Старый домик. Глушь, Разруха.
Лавка, печь, мешок зерна.
Но тебе, как та старуха,
Вечно Родина верна.

* * *
Пахнет дымом свечным и ладаном…
Тянет сыростью из углов.
Этой церкви с фасадом латаным
Через бури пройти свезло.

Не осталось креста над куполом,
Потемнел на иконе лик.
Кто считал, сколько наших убыло?..
Скорбный список и так велик.

Но горит в той церквушке тусклая,
Распугав липкий мрак, свеча.
Это теплится, тлеет русское,
Изгоняя из душ печаль.

Потому-то здесь пахнет ладаном,
Потому отступает грусть.
Эту церковь с фасадом латаным
Наши предки прозвали: Русь.

 

НА ПЕРЕЛОМЕ
Тащат колокол. Волоком.
По сибирской земле.
По еловому пологу.
Через вздыбленный лес.

Лошадь тянет на привязи.
Ошалело косит.
Ну же, милая, вывези,
Божий голос спаси!

Смотрят сельские жители.
Не сдержать им слезы.
Он – старинный, внушительный,
Свесил медный язык...

Всех уверить пытаются,
Дескать, выдумка – Бог.
... Слишком долго срастаются
Переломы эпох.

* * *
Кто вы, люди?
                 Мурашки по коже
От обилия спеси и лжи.
Кто в их юные головы, Боже,
Столько злобы звериной вложил? 

Как копилку по малой монете,
Наполняла звенящая сталь
Неокрепшие разумы эти.

Ни погон нет на них, ни креста...

А в душе человеческой веса
Многим меньше пушинки,
                                       когда
В чёрных масках безумные бесы
Заполняют собой города.

Каждый бес в лютой ярости ащет
Одолеть противленья оплот.
Речи змея становятся слаще:
«Съеш-ш-шь Луганщины
                 вызревш-ш-ший плод…».

Глас змеиный из тихого дола
Всё елейней, всё звонче звучит:
«Где Иуда,    
                 предавш-ш-ший за доллар?
Вот твой доллар.

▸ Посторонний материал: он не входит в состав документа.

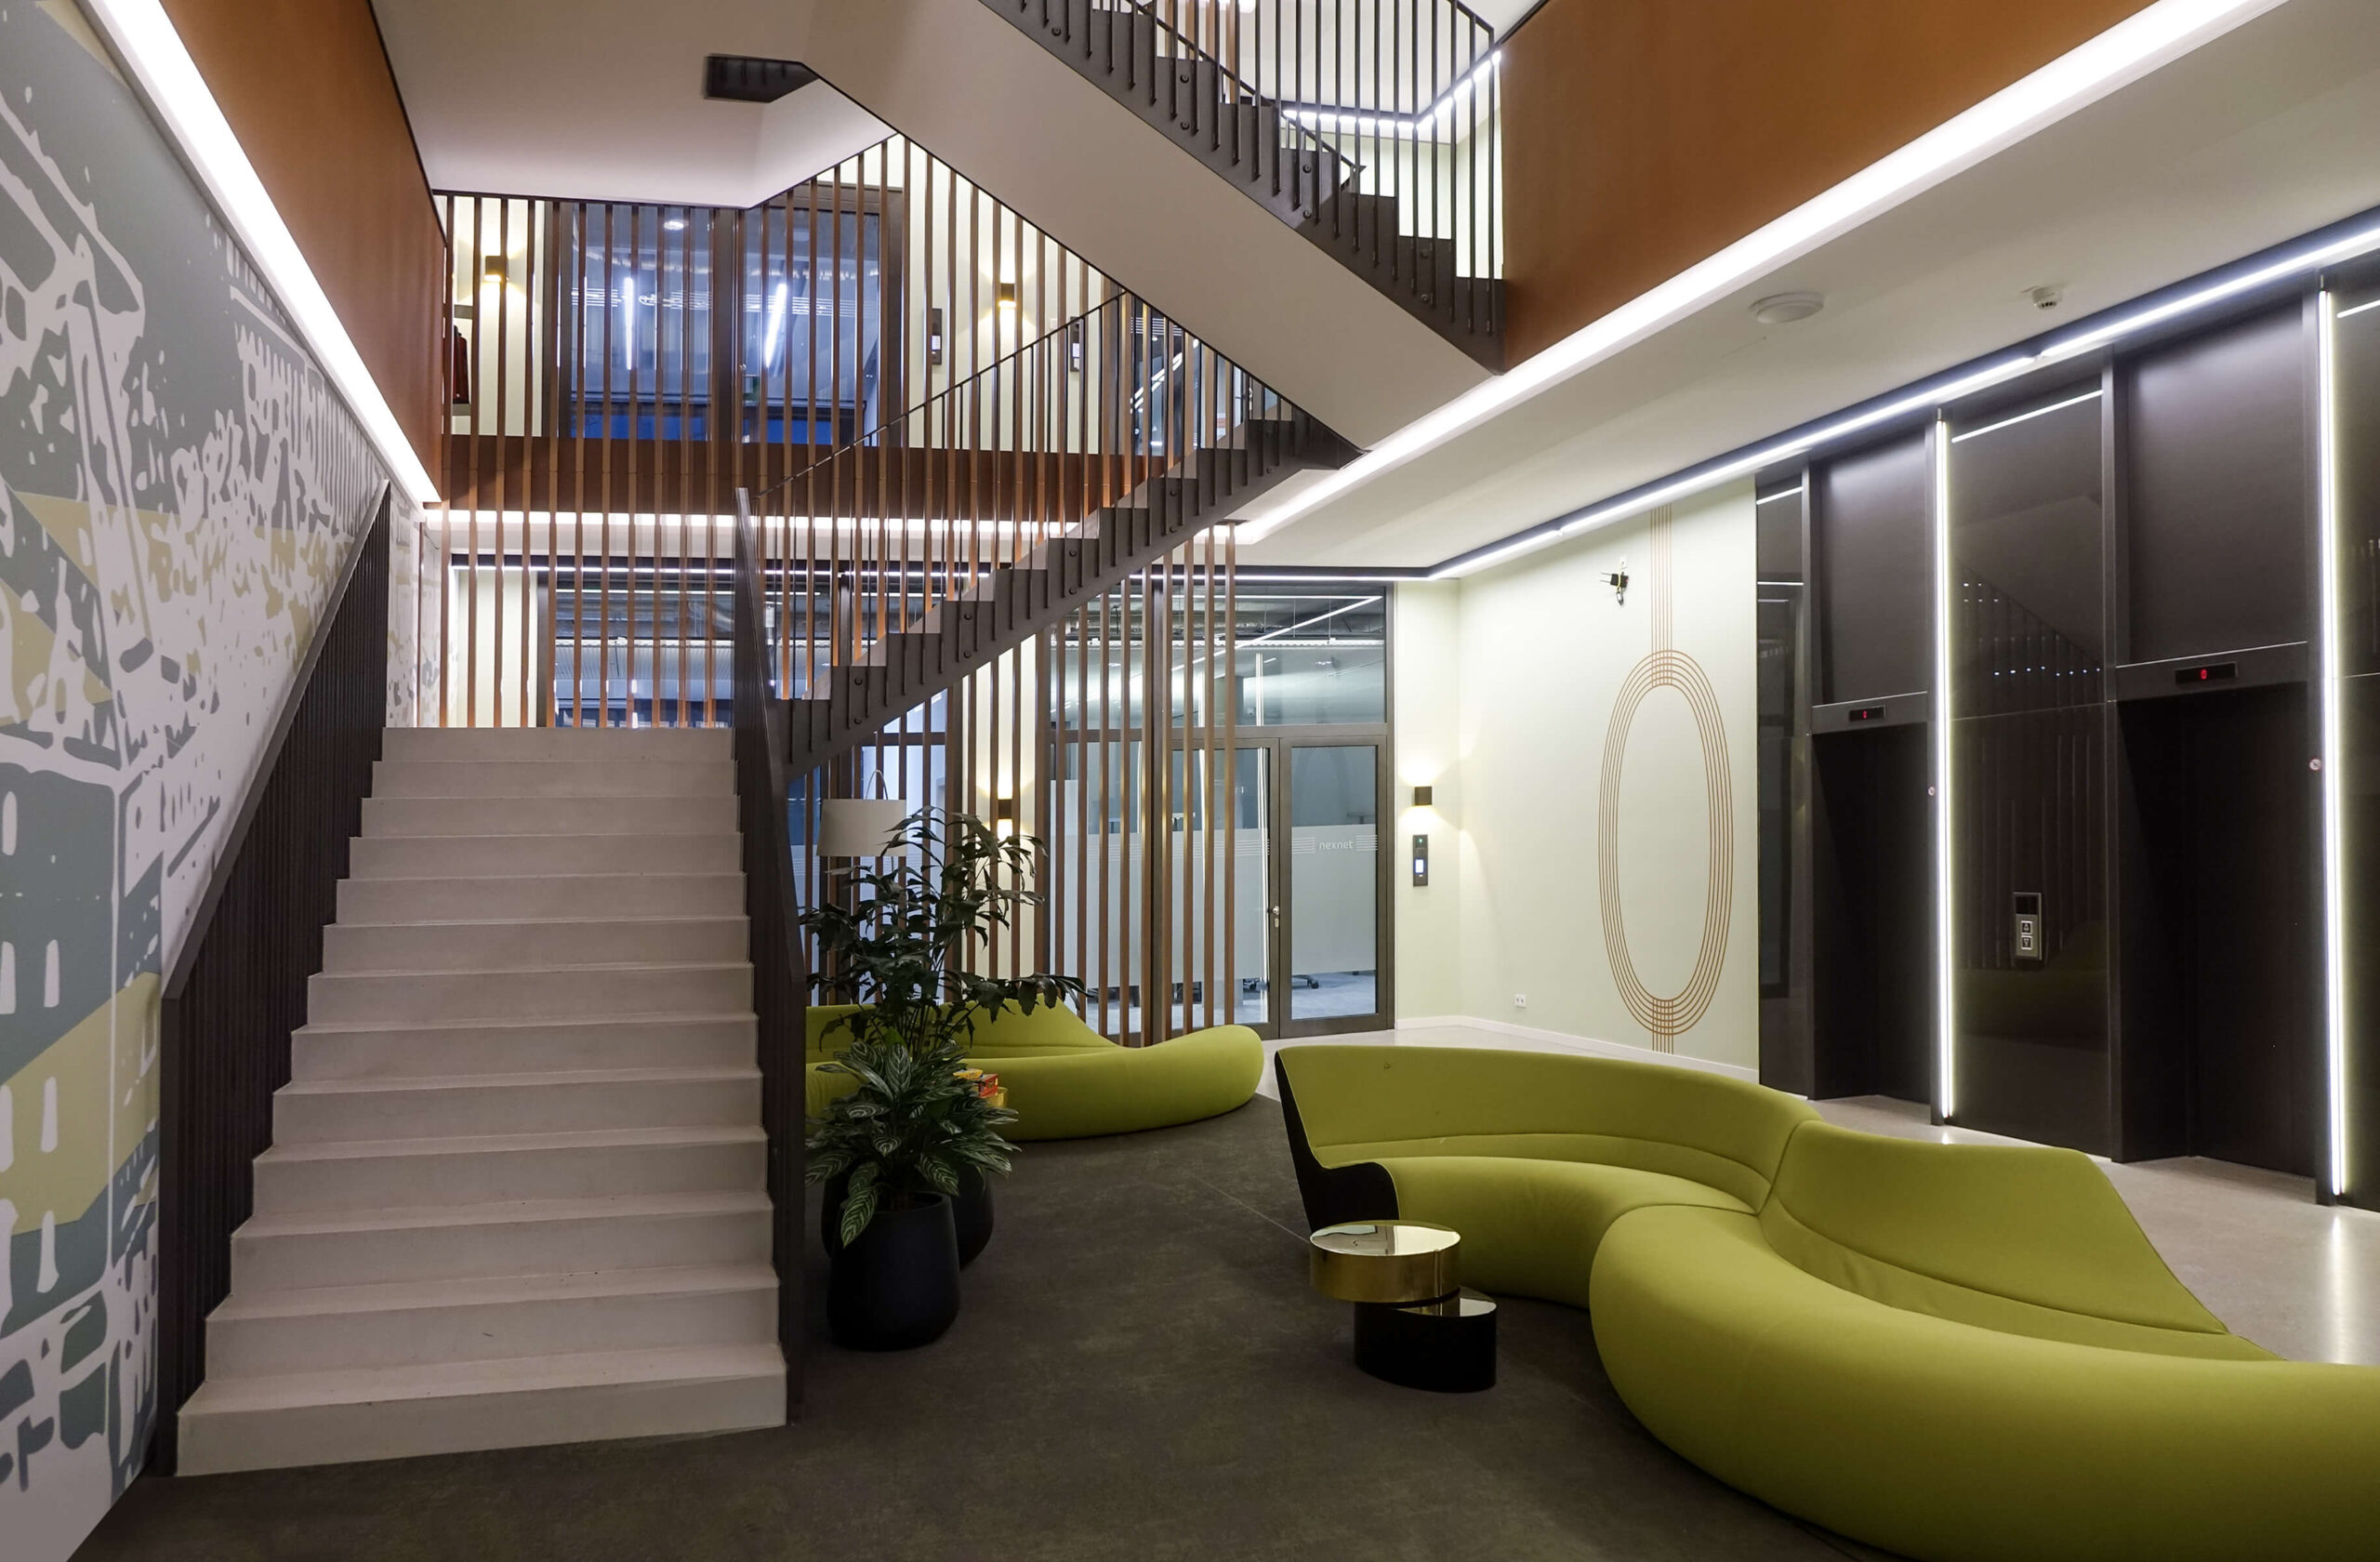 grasblau office building · Etagenkennzeichnung · Liftlanding · Schablonierung · Flucht- und Rettunsgweg · Gold · schwebendes Treppenhaus · Ambiente · Fitness-Programm

Приди, получи».

* * *
                 Юрию, в Луганск,
                 с пожеланием мира!
В огне войны бессмысленной и жуткой
Забыт на лавке плюшевый медведь.
Средь беженцев малыш вопит: «Мишутка!..».
Вернуться хочет, но кричат: «Не сметь!».

Всё дальше цокот маленьких сандалий.
К машине, до границы, а потом...
Когда-то так же Припять покидали,
Чтоб не вернуться никогда в свой дом.

Прочь от войны, что вдалеке грохочет,
Сбивая с веток жухлых листьев ржу.
И кажется, медведь воскликнуть хочет:
«Бегите, люди! Я их задержу».

А тот малыш спасён. На Белом Свете
Случаются порою чудеса.
Когда-нибудь он в рацию ответит:
«Внимание, гражданских не бросать…»

* * *
Давным-давно
                 скворцом наш двор забыт.
Не он сейчас в скворечнике ютится.
Там маленькая пёстренькая птица
налаживает свой нехитрый быт. 

Былое не вернуть уже, но речь не
о звонком пенье юного скворца...
«Жилец» не знал истории скворечни,
а вот сосед махал рукой в сердцах.

Он говорил, подслеповато щурясь
и поминутно кашляя в кулак:
«Скворцы совсем
                 петь разучились,
                                  Шурик!».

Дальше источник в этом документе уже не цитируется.